Even so, the ML's all support this type of behaviour (with globals).
In the same way, we do not criticise functional languages for not allowing goto style control flow.
It is very relevant, because author tries to paint this difficulty as a bad thing. It isn't. If the language, or a tool, makes it hard to do bad things and makes it easy to do good things, it's good.
Well, they're easy, convenient, and have subtle downsides: difficult to test code that depends on them without machinery to reset the seed, potential problems in a multithreaded environment, may be used in ways that do not produce evenly distributed outcomes, and for CSPRNGs a whole other bunch of crypto downsides.
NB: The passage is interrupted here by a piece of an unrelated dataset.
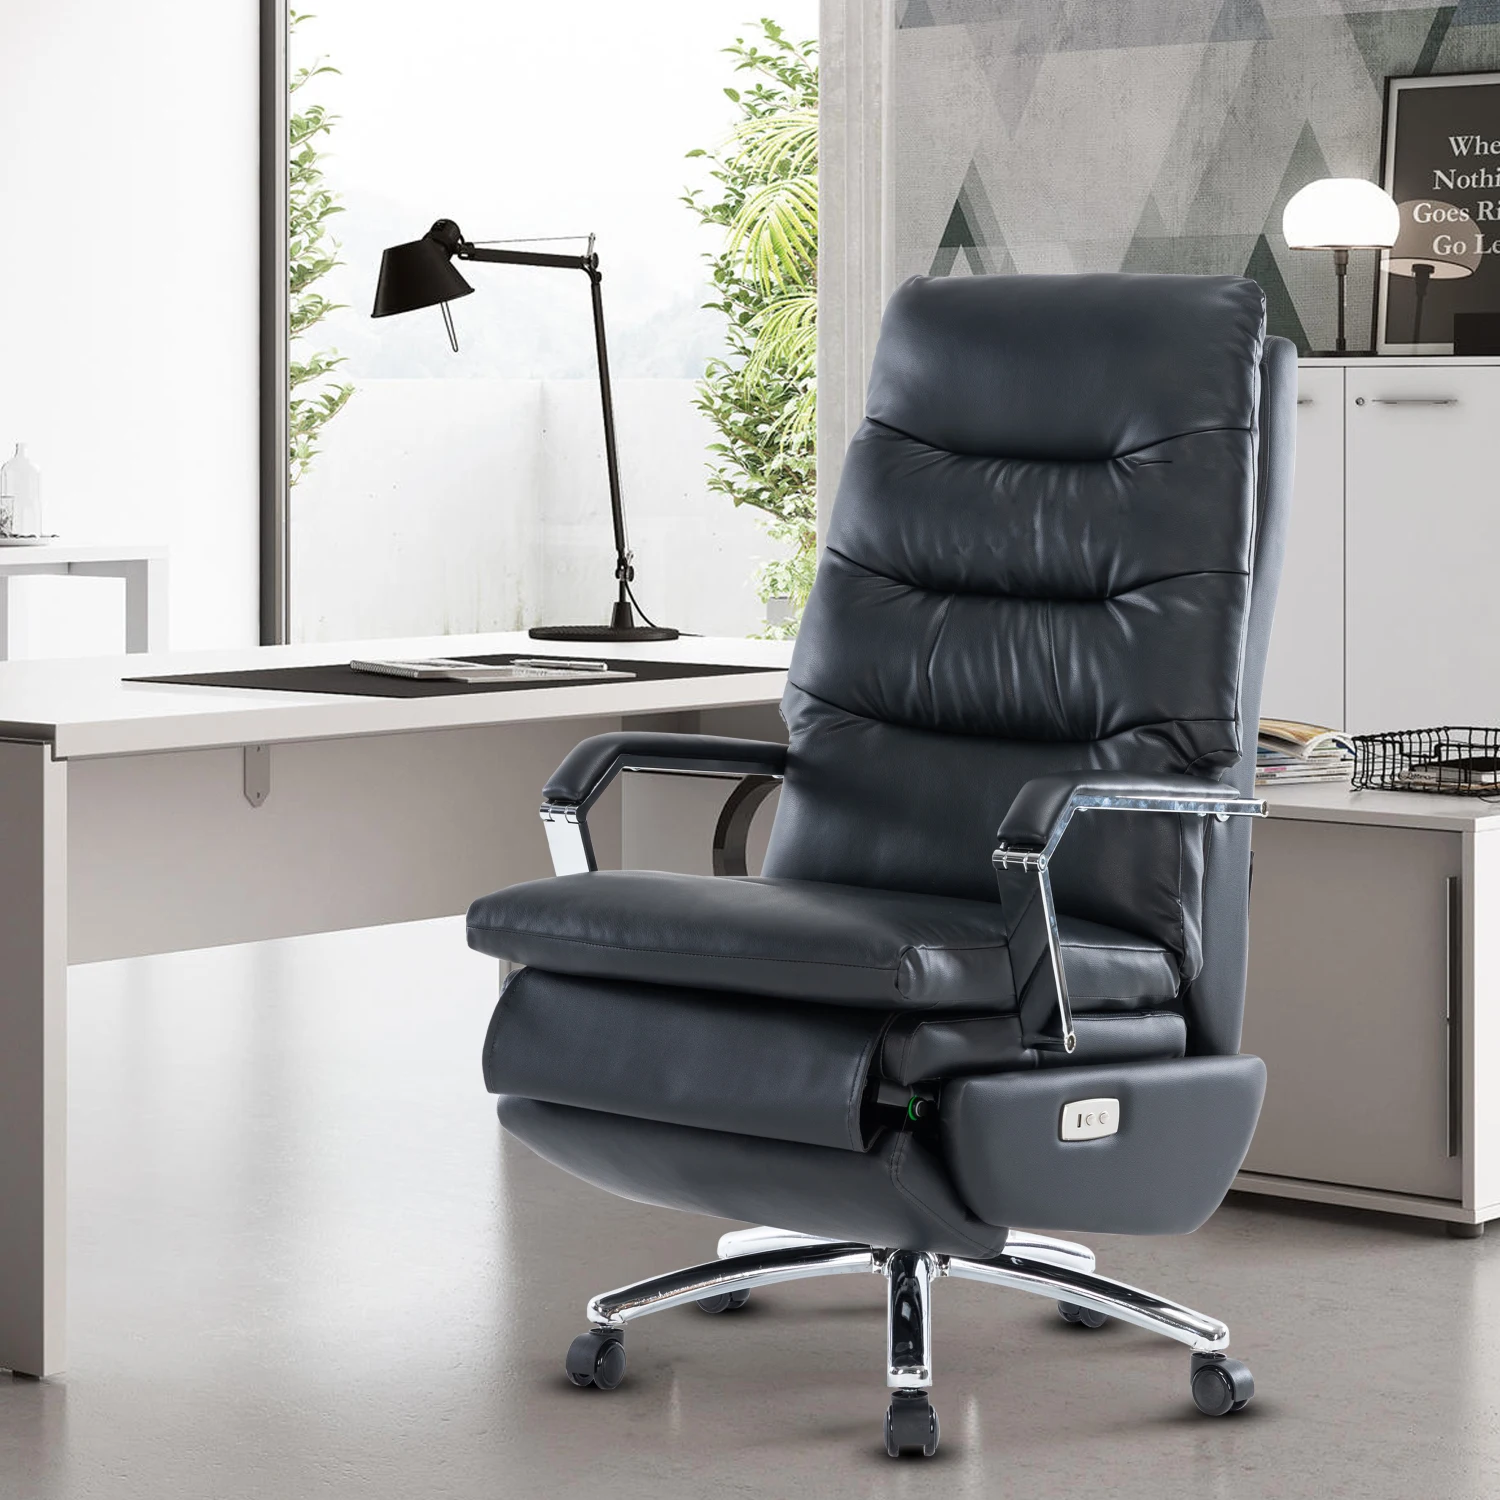 

Comfortable Reclining Power Office Chair with Footrest for Big and Tall Users - Heavy Duty Power Desk Chair with Auto-Linked Arm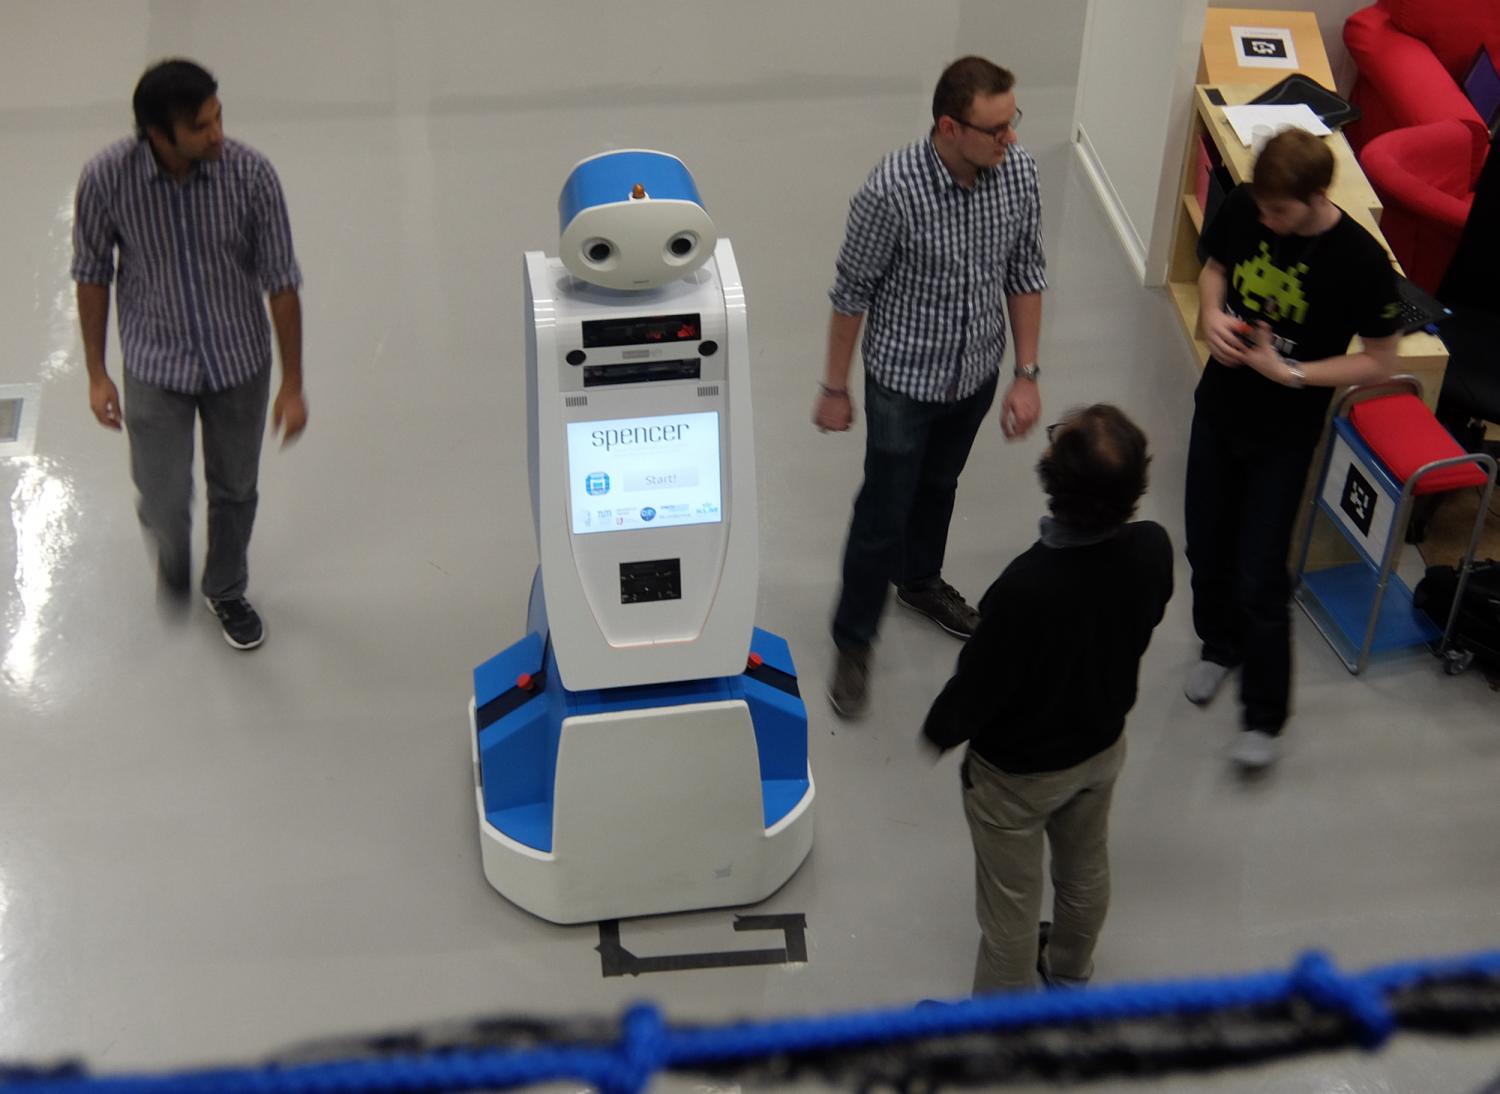 photo of 'Spencer' the robot is here to help guide lost airline passengers image

Banning RNGs from e.g. avionics control systems sounds more like a good decision than a bad one.
Why yes, yes, of course. I fail to see where avionics need PRNGs (but I don't program avionics, so I might miss some uses). But surely UUIDs are as bad as random numbers in software for a plane?
Having two functions which are used all over the place by different modules, and then linking their behaviour to some piece of state that wasn’t passed into either of them is a terrible idea. Suddenly that state becomes an implicit argument AND return value, and I have to know about that before I can call the function… Not only that, now I’ve lost my ability to reason about the behaviour of the function independently from the execution of the program. Further, functions A and B are now impossible to test in isolation. I need to actually call A multiple times before I can test B properly. Then once I’ve done that, well I’ve already called B a few times, so how do I test A? I’d have to have assertions for the behaviour of A and B tangled up in the same tests…
This is a mess, whatever programming language/paradigm you prefer.